_Work instruction_
Your task is to restate word for word the lines in the material below, from the one with "An incredible moonstone" up to and including the one with "Sour cream isolated". Do not carry over the pictures.

_Material supplied_
━━━━━━
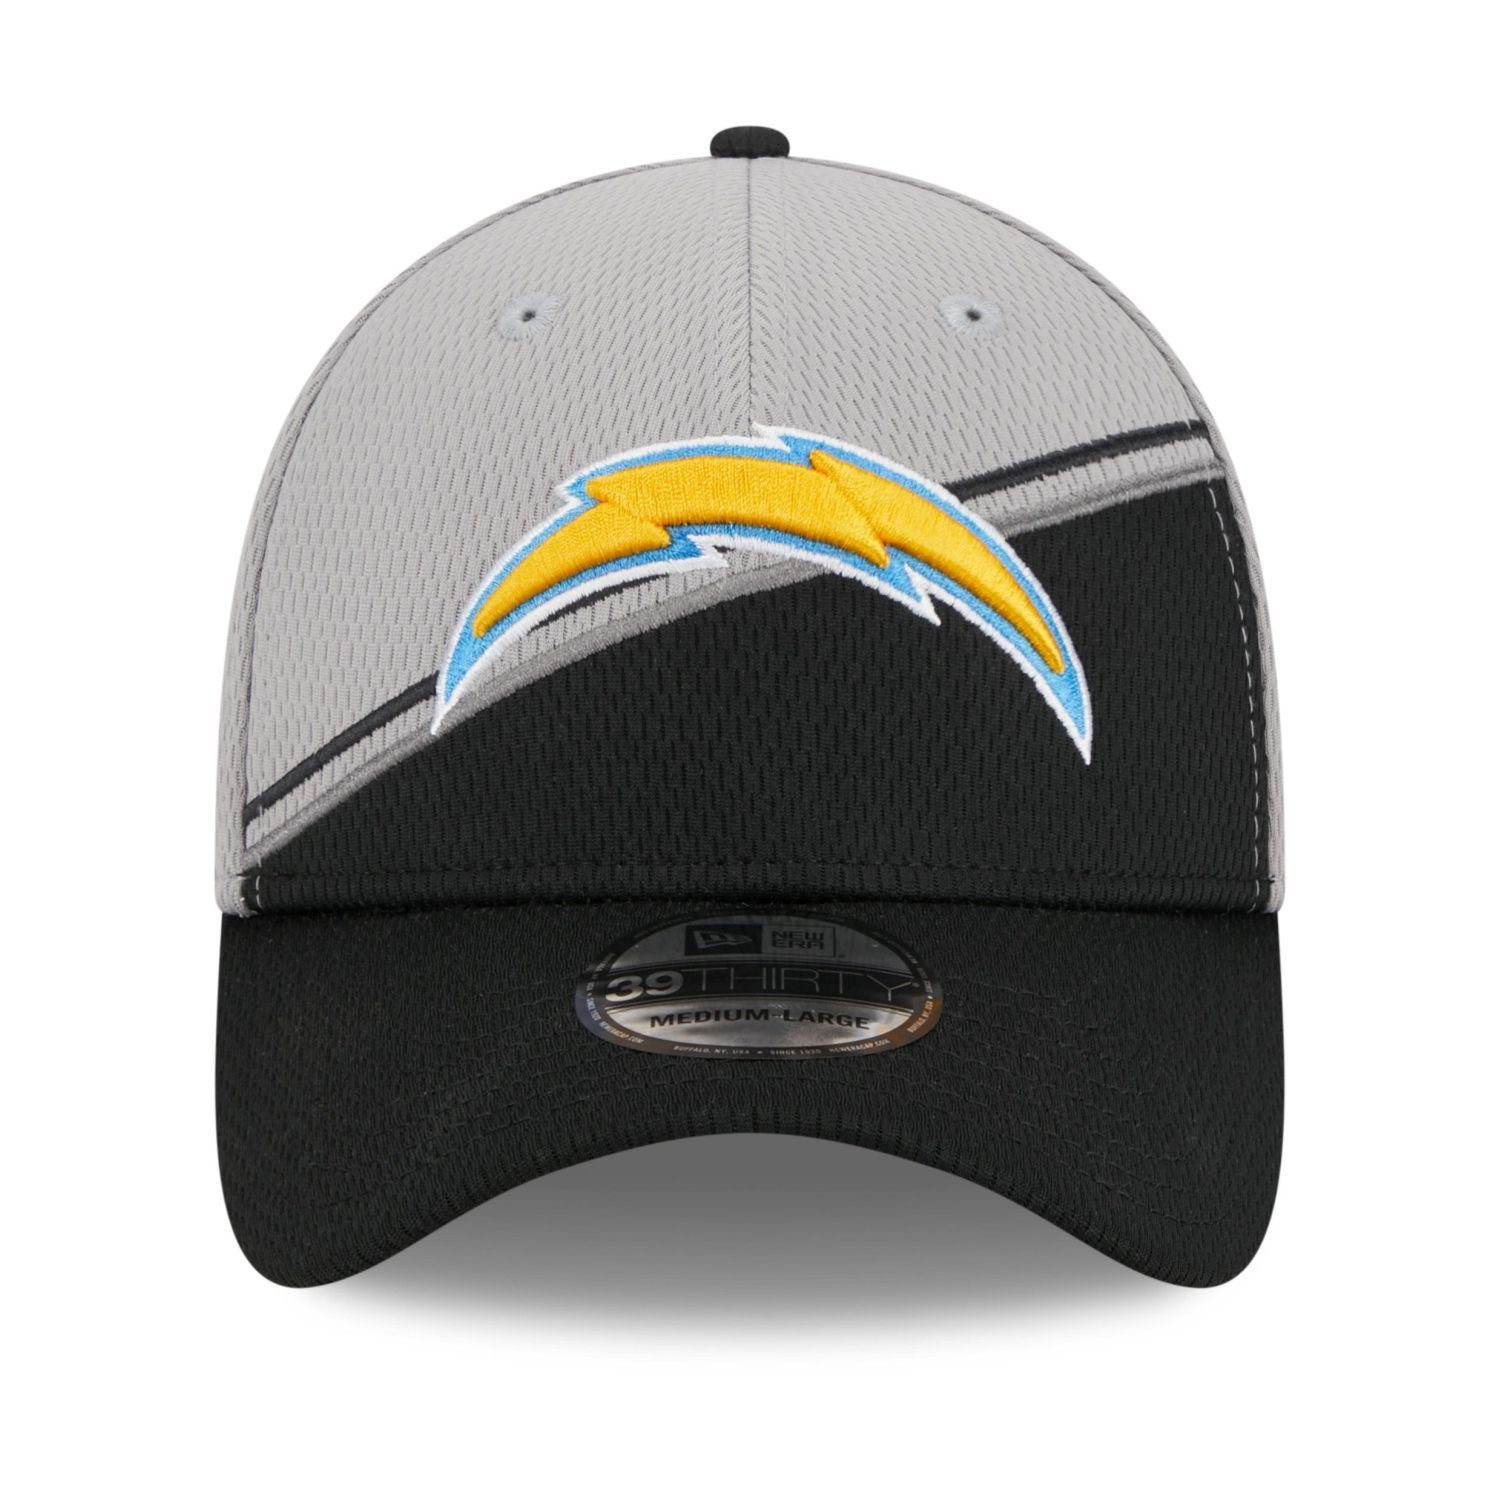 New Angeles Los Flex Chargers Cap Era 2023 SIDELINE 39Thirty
━━━━━━
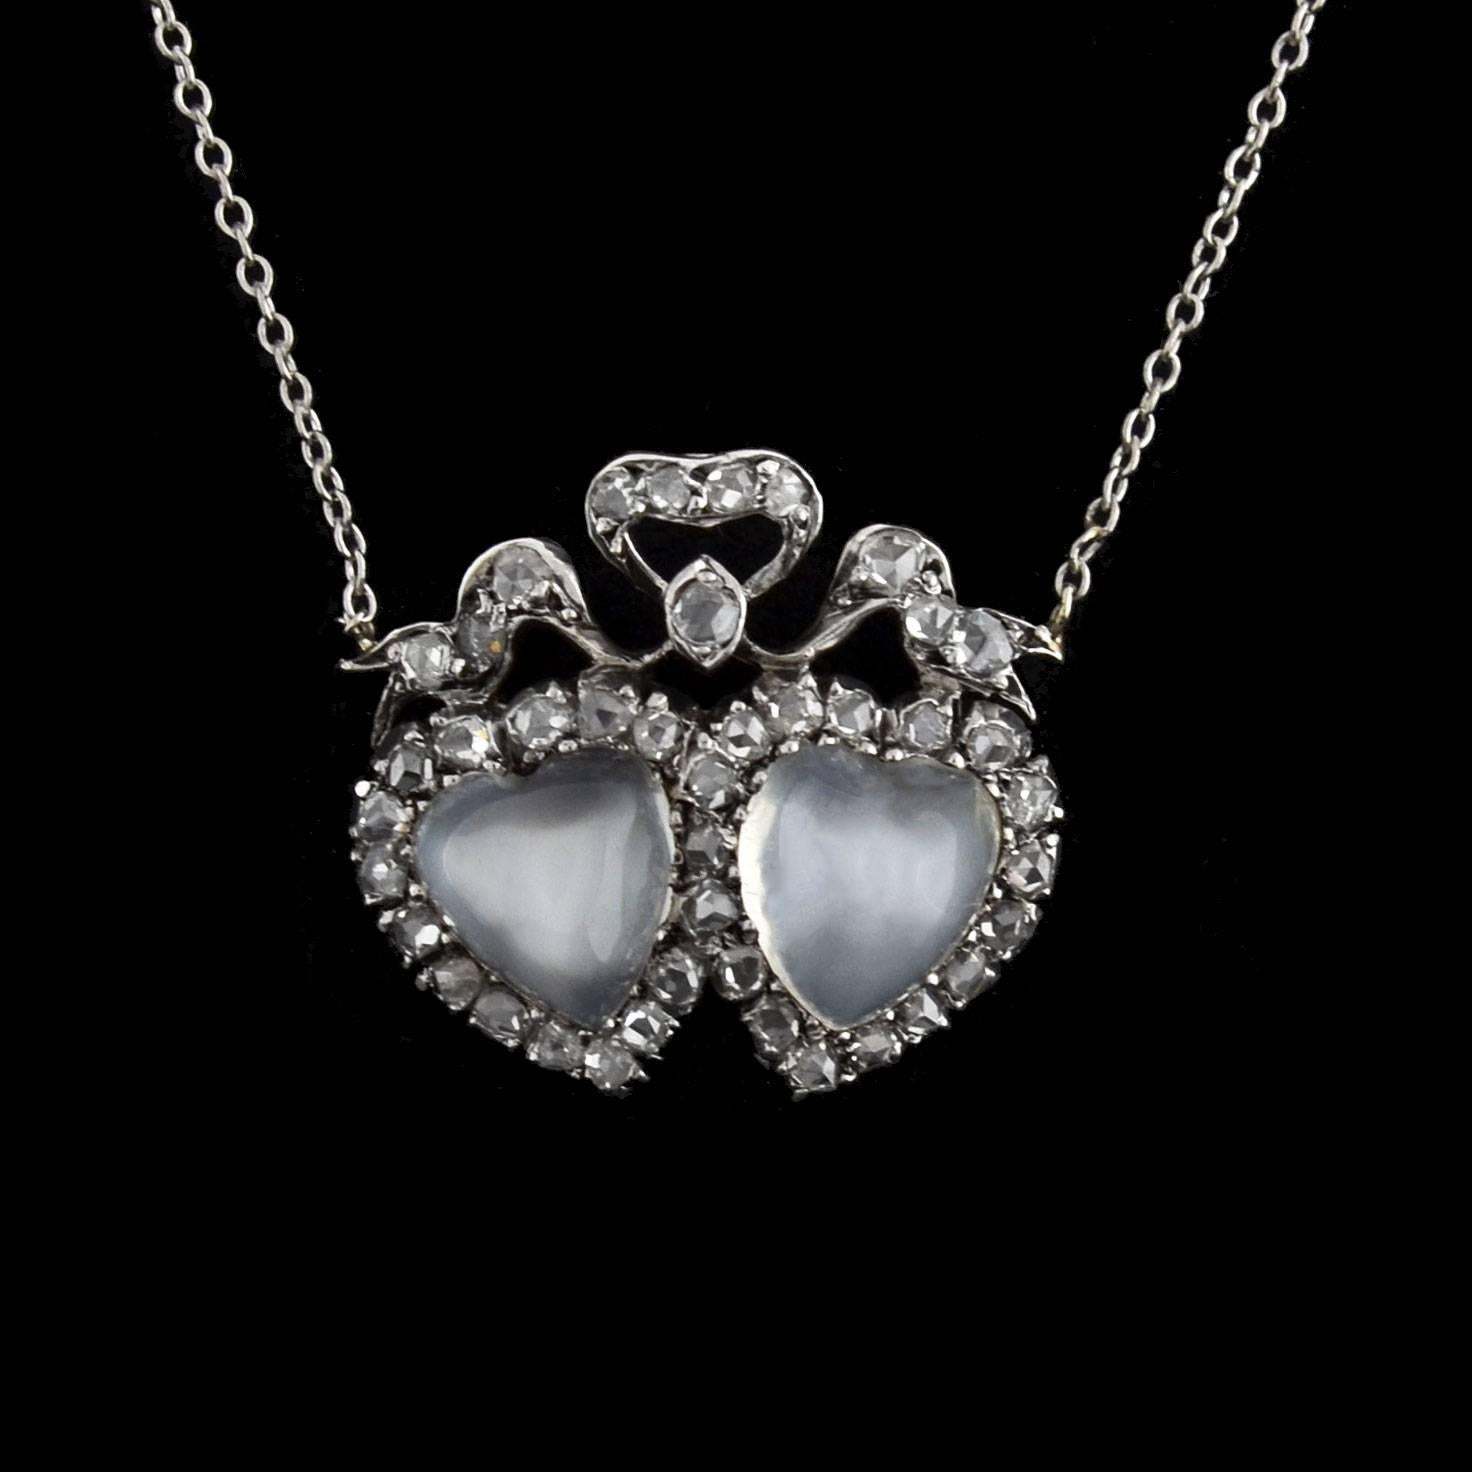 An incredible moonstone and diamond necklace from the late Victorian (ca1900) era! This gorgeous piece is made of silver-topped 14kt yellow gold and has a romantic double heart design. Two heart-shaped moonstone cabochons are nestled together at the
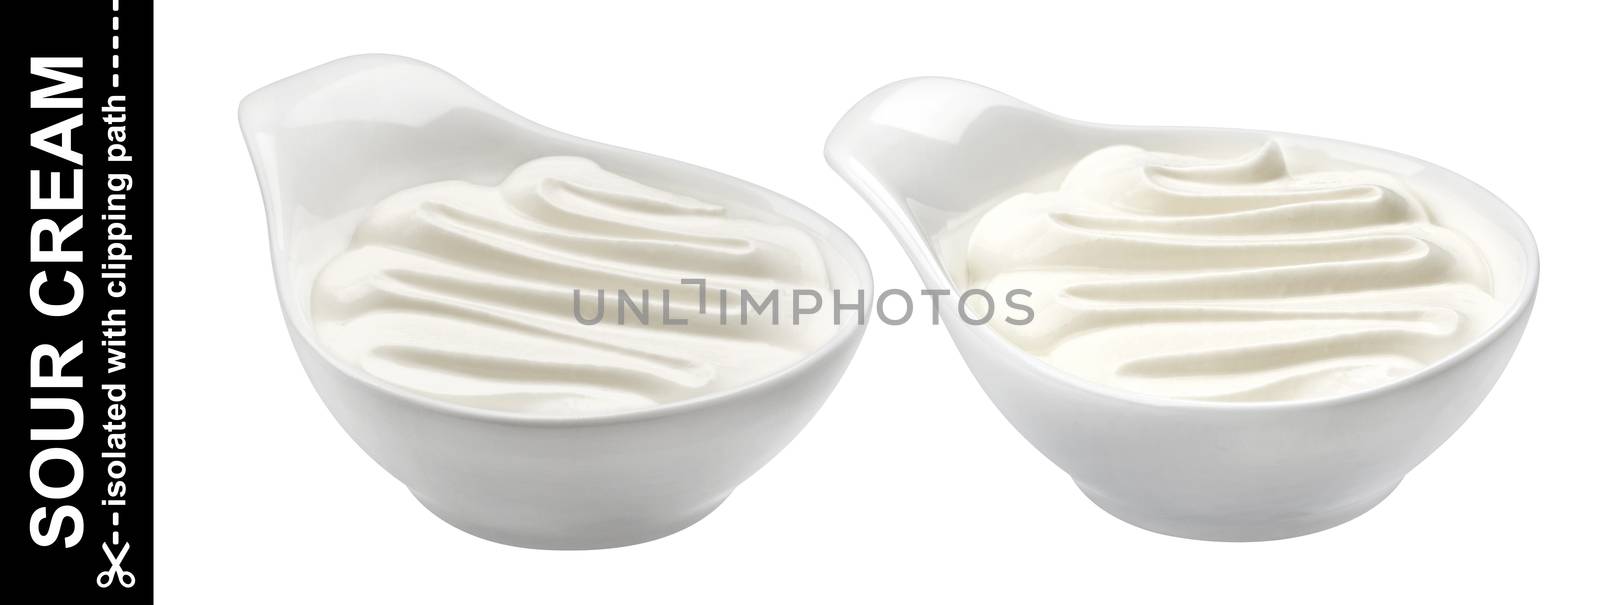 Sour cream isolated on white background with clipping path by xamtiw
━━━━━━
_Answer to this exercise_
 An incredible moonstone and diamond necklace from the late Victorian (ca1900) era! This gorgeous piece is made of silver-topped 14kt yellow gold and has a romantic double heart design. Two heart-shaped moonstone cabochons are nestled together at the
 Sour cream isolated on white background with clipping path by xamtiw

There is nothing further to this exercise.